Which Java-based XSLT processor would you recommmend for this task?

Would you recommend any other way of doing it (non-XSLT?, non-Java?), and if so, why?

The XML files in questions are very large, but not very deep - with millions of rows (elements), but only about 3 levels deep.

+1  A: 

See Saxon support for streaming mode. http://www.saxonica.com/documentation/sourcedocs/serial.html

If this streaming mode isn't for you, you can try to use tiny tree mode of Saxon, which is optimized for smaller memory usage. (It is default anyway)

Peter Štibraný
+2  A: 

You could consider STX, whose Java implementation is Joost. Since it is similar to XSLT, but being a stream processor it is able to process enormous files using very little RAM.

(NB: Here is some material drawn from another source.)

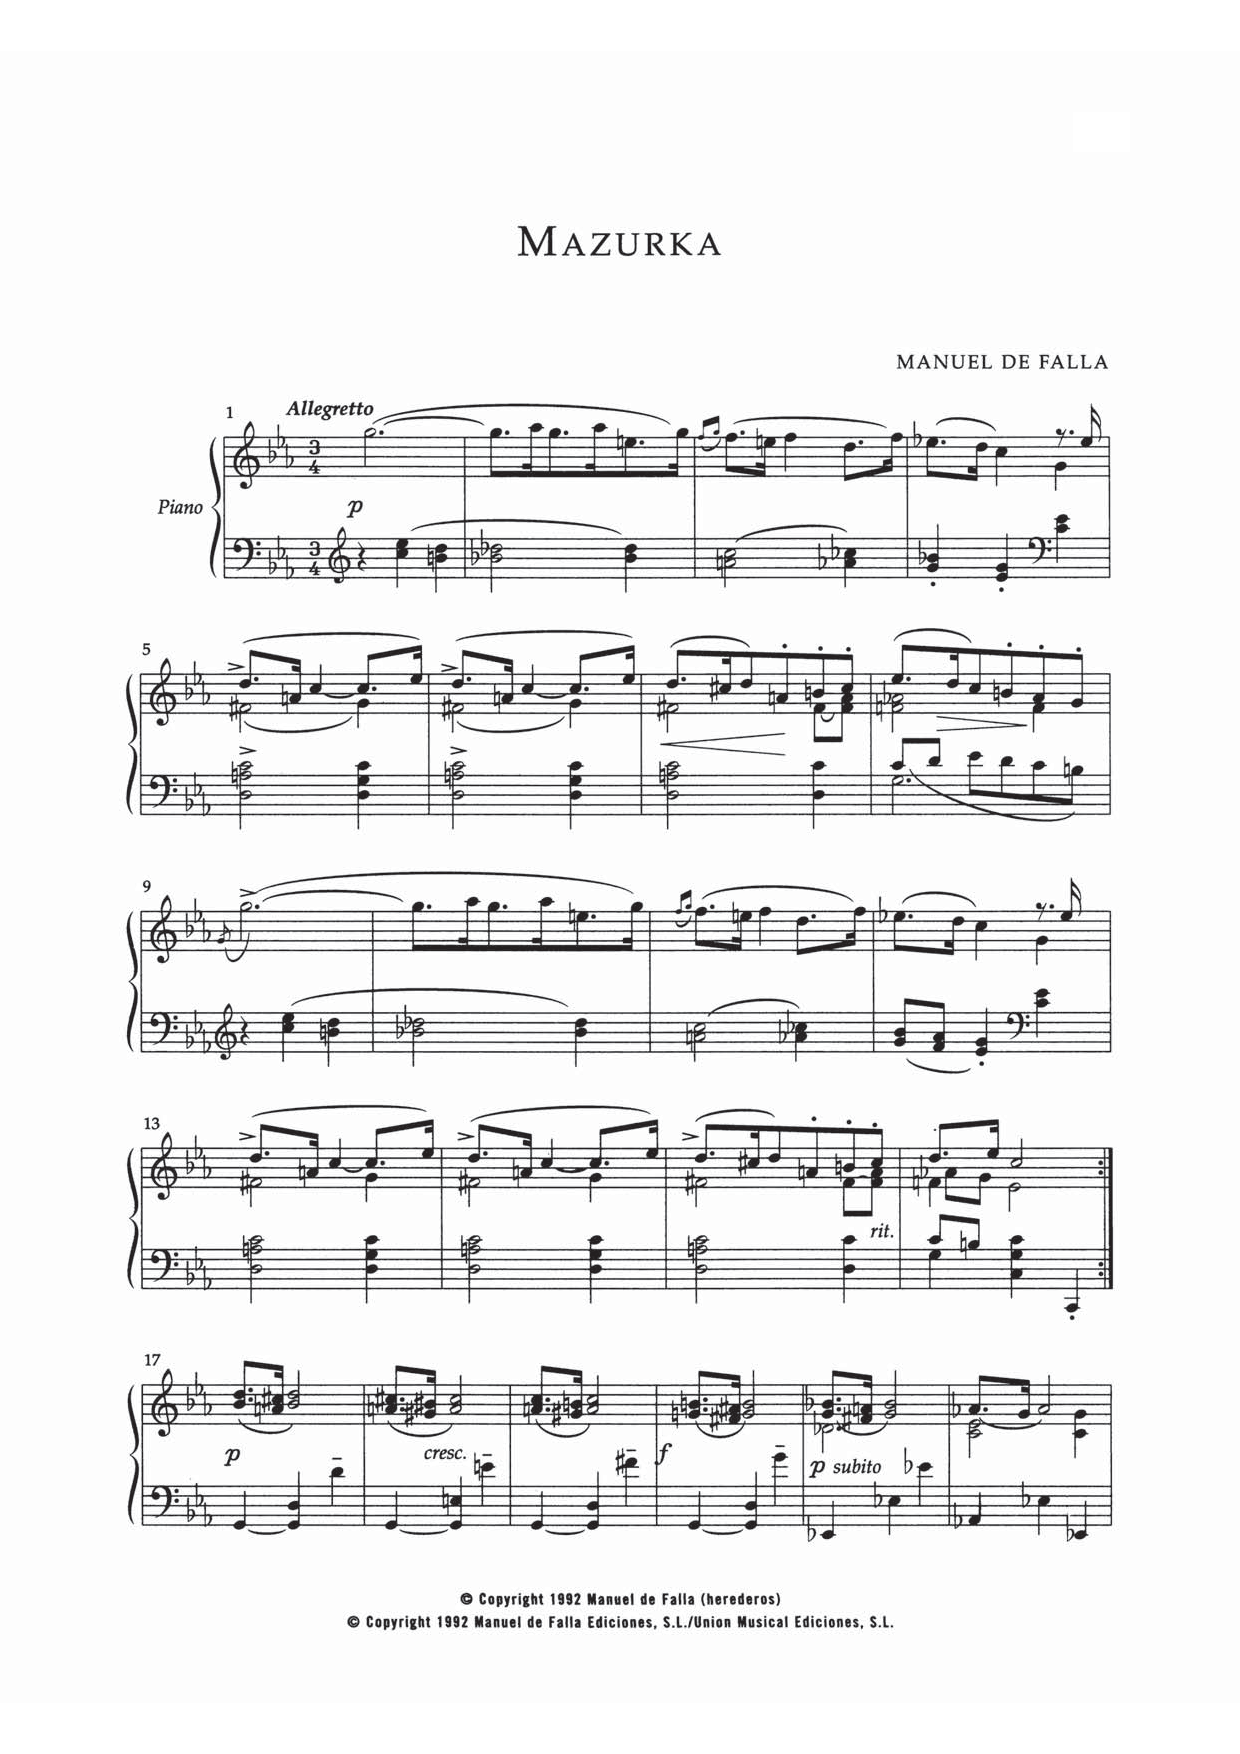 Manuel De Falla Mazurka In Do Menor sheet music notes and chords arranged for Piano Solo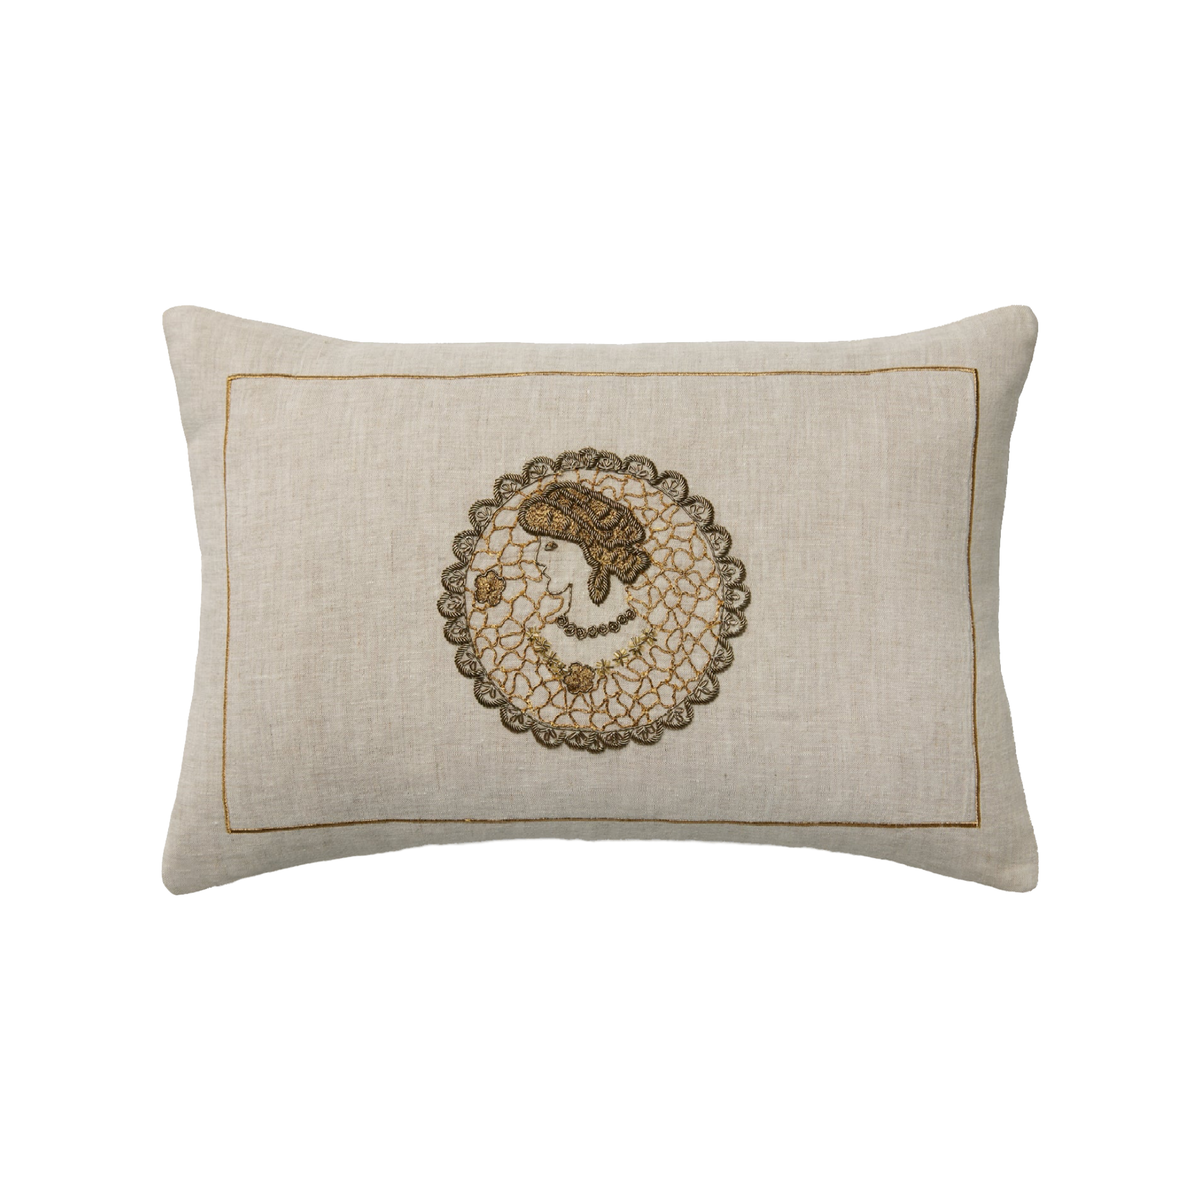 Sferra Cameo Decorative Pillow in Natural/Gold Color

Joost is able to be used as a standard javax.xml.transform.TransformerFactory

Stephen Denne
+1  A: 

At present there are only three XSLT 2.0 processors known and from them Saxon 9.x is probably the most efficient (at least according to my experience) both in speed and in memory utilisation. Saxon-SA (the schema-aware version of Saxon, not free as the B (basic) version) has special extensions for streamed processing.

From the various existing XSLT 1.0 processors, .NET XslCompiledTransform (C#-based, not Java!) seems to be the champion.

In the Java-based world of XSLT 1.0 processors Saxon 6.x again is pretty good.